July 7 is the day—chemo day--assuming I pass my MUGA. I will then hopefully be cleared to give myself the white blood cell-protecting shot at home, so I won't have to go into Northwestern two days in a row for chemo. I would love to spend less time there. It really pissed me off that they put me in general anesthesia this time, for obvious reasons--I react badly to it, it takes longer to recover, but mostly, above all, because they told me they weren't going to do it. Then my husband finds out AFTER the surgery that I was under general, and no one tells me at all until I see him two hours later and he breaks the news. I was talking to the nurses for those hours and I felt confused that I couldn’t remember any of the surgery, but no one mentioned the fact that I was, you know, intubated or anything. I'm sorry, but I'm a grown woman, and I deserve to know what is happening to me, even if there's some lame ass excuse about a shortage of the twilight drugs. So you can understand my desire to avoid the hospital as much as I can.
I have another date on the calendar as well: July 15. My hair is due to fall out 15-16 days after chemo starts. I decided to jump start the process. I'm going to go back to my wig place on July 15, have the woman there cut my hair very short into a bunch of little ponytails so I can ship them off to this place in Florida where they can make a "hat" of my hair (bald on top, my hair on the bottom, so I can wear my own scarves and hats) and then have her shave it all off, so she can fit my wigs. I will have my head of hair until 5:30 pm on July 15, and I will walk out of there about 7 pm with some other, synthetic hair. Gabe is coming with me, so there should be ample amounts of crying, but I just can't let chemo do that to me. I would rather do it to myself. It's not much control to have, but it's better than nothing.

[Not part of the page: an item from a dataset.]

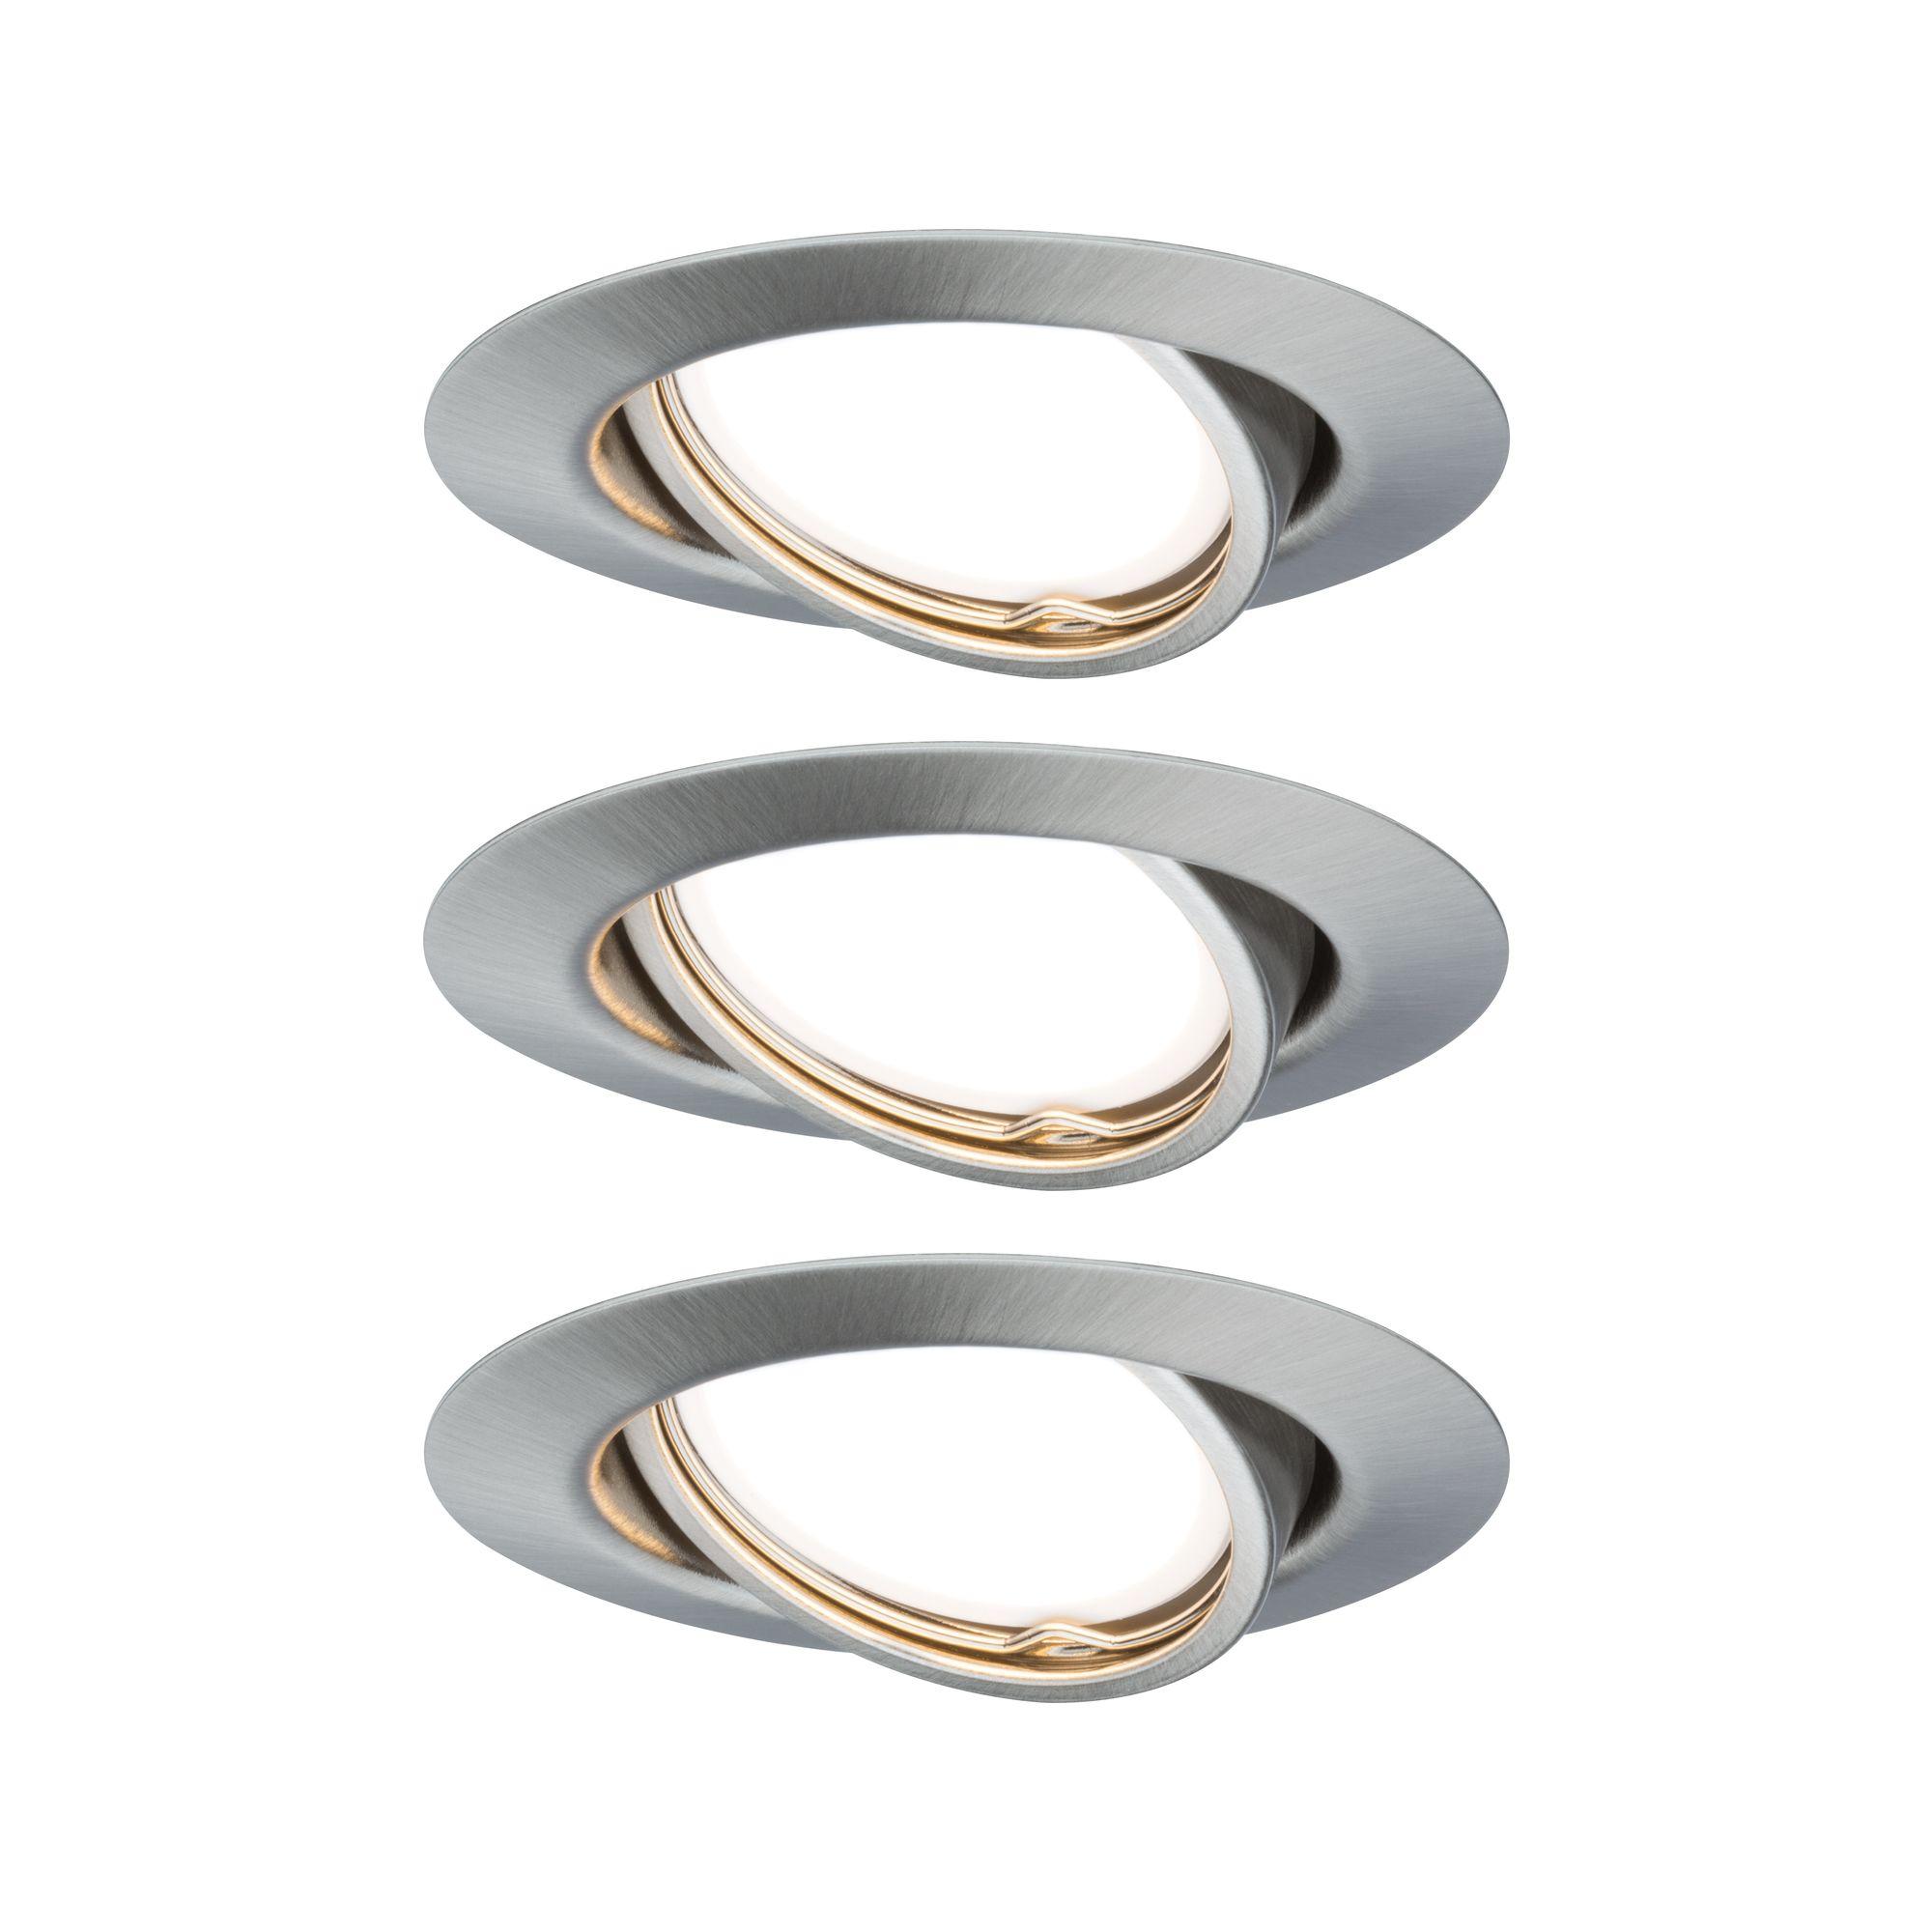 Vestavné svítidlo LED Base kruhové 3x5W GU10 kov kartáčovaný nastavitelné 3-krokové-stmívatelné 934.24 - PAULMANN

I’m going to end on something I was afraid I would never get to say: Here's to a cancer-free Katy, at least right now, this minute. For twelve days or so, no cancer and no chemo poison in my body, just a wounded chest. I'm just sitting here thanking whoever for the small miracles. I have known I’ve had cancer in my body since May 4, 2010, and the reality is that it was there for years before that, for all of the time that some of you have known me. And now, sitting here, I’m even more thankful for my decision to fight that initial July 9th surgery date and get this 16 days of my life back. That is something than cancer teaches you. Every day really does count, no matter how you feel at the time, no matter how sad or sick or exhausted you are. I guess I can’t fight cancer literally and make my life like it was but I can use my damn good arguing skills to try to convince everyone to do things my way. I’ve had to yell, and cry, and invoke sympathy for having small kids, and throw my little bit of research knowledge out there, and call nurses and doctors until they would have put me on the calling blacklist but for the fact that I have cancer. I’ve basically had to bug the shit out of people to get these days back, but here they are. It’s a little like being me again to know that I could do that—it’s just a glimmer, but it’s there.